According to macroeconomic forecasting firm TS Lombard’s China expert, Rory Green, the pricing issue is hard to judge at this stage. “DeepSeek may not trigger immediate price cuts but as the technology is open source it significantly lowers barriers to entry and therefore competition within the GenAI space will increase bringing with it cost reductions for end users,” said Green.

The revelation of DeepSeek’s capabilities is more broadly the latest example of “China Shock 2.0”, The People’s Republic of China’s exceptionally rapid movement up the tech value chain, noted Green.

“It raises a question we have been talking about for some time – Can anyone beat China? The nation has a historically unique set of characteristics that when combined are making Chinese companies competitive across almost all tech areas,” he said.

The announcement of the new Trump administration’s $500bn AI infrastructure Stargate project, last week, demonstrates the strategic global importance of AI. And DeepSeek may signal a significant win for President Xi Jinping in the AI arms race between China and the US.

China has 30% share of global manufacturing, a developed market level technical ability and emerging market cost. “It’s still cheap,” noted Green. China also has the benefit of enormous state support in areas of finance, politics, human resources, among many others, he added.

“We think the combination will prove very difficult to beat. Last year it was an EV shock, this year AI, next year could be robotics and aviation,” said Green.

President Xi Jinping has long been aware of the importance of AI and has outlined his ambition for China to become the world leader in AI by 2030.

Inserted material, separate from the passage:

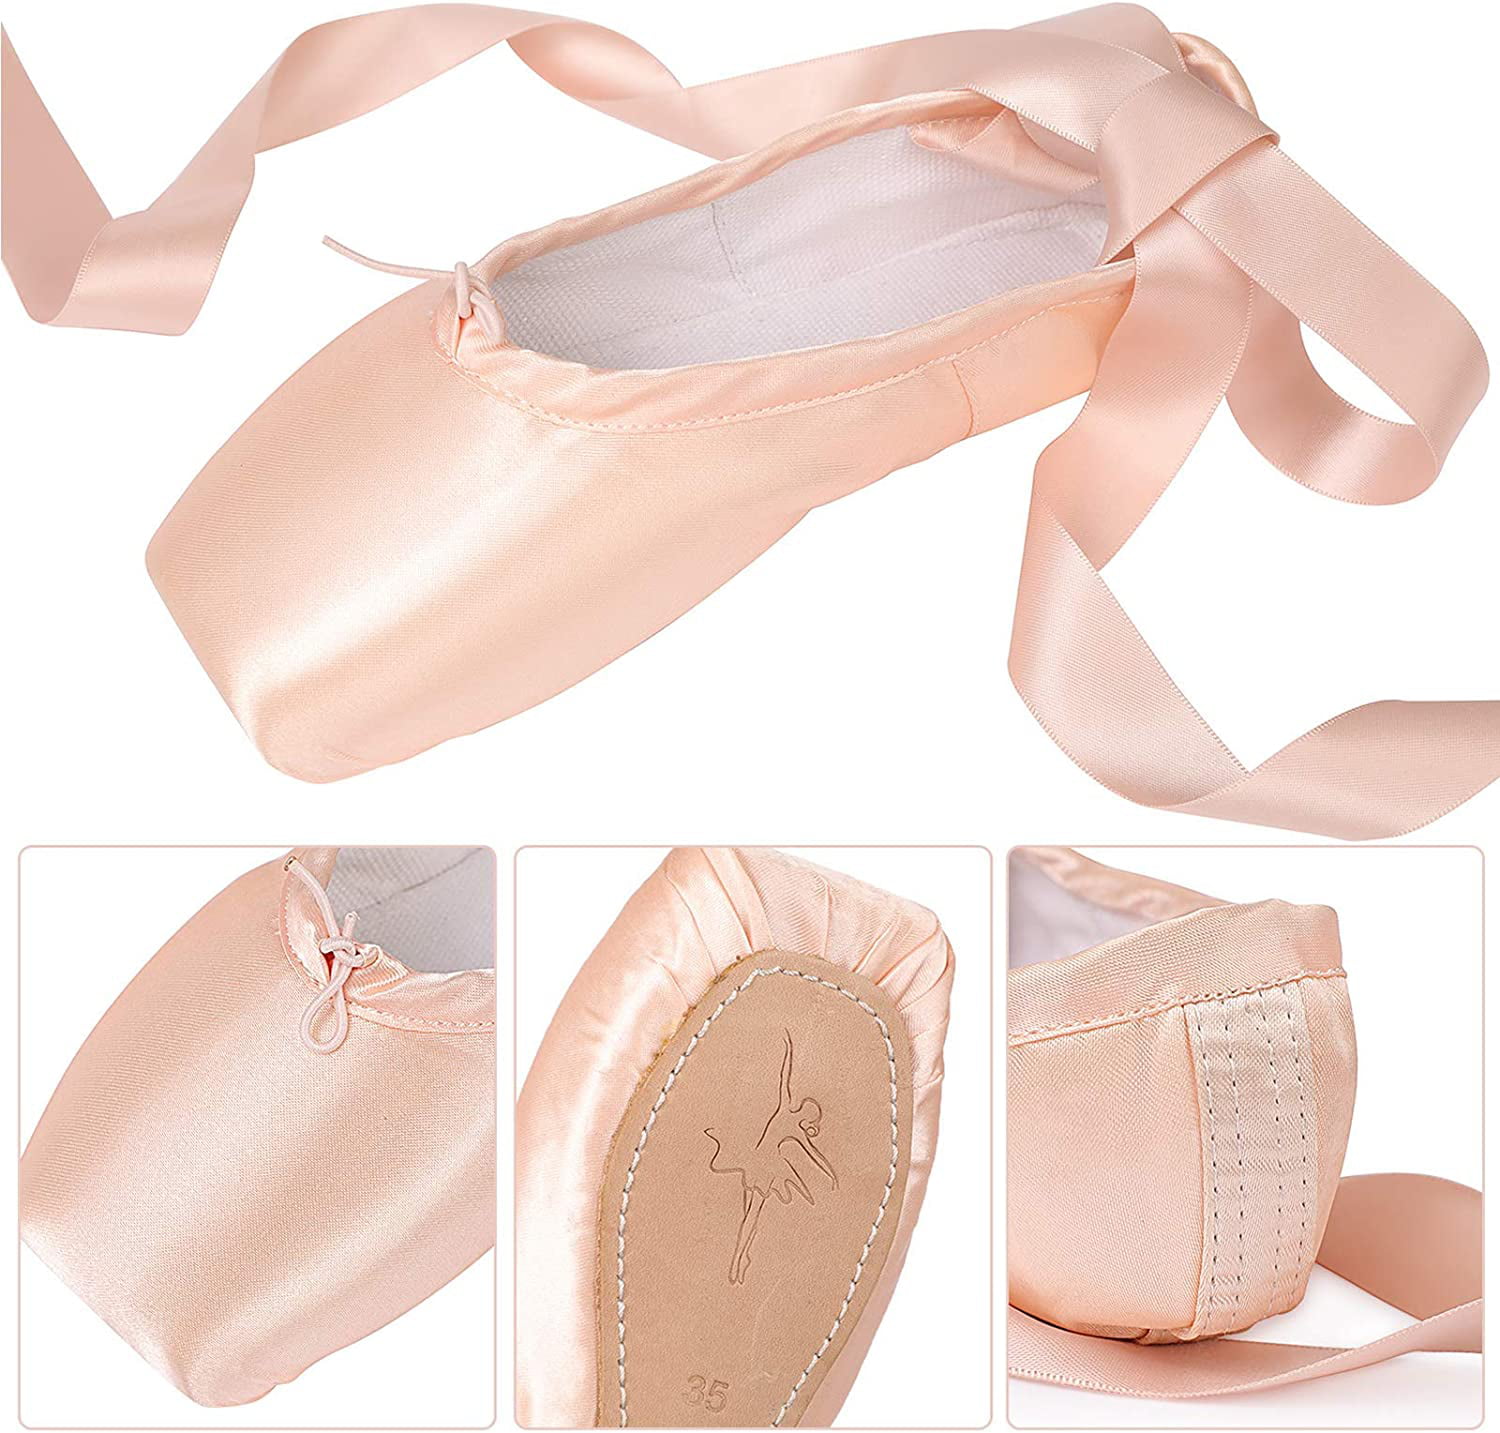  tanzdunsje Ballet Pointe Shoes Pink Professional Dance Shoes  with Sewn Ribbon and Silicone Toe Pads for Girls Women | Ballet & Dance

Broad recognition that AI needed to be led by private sector entrepreneurs rather than government prompted President Xi to assign national AI champions Baidu, Alibaba, Tencent, iFlytek and SenseTime to lead the charge.

Ultimately, Chinese competitiveness in areas traditionally dominated by advanced nations will lead to greater trade conflict and national security concerns, warned Green. “However, the rest of the world, will benefit from cheaper advanced manufactured products, EVs and solar are good existing examples,” he said.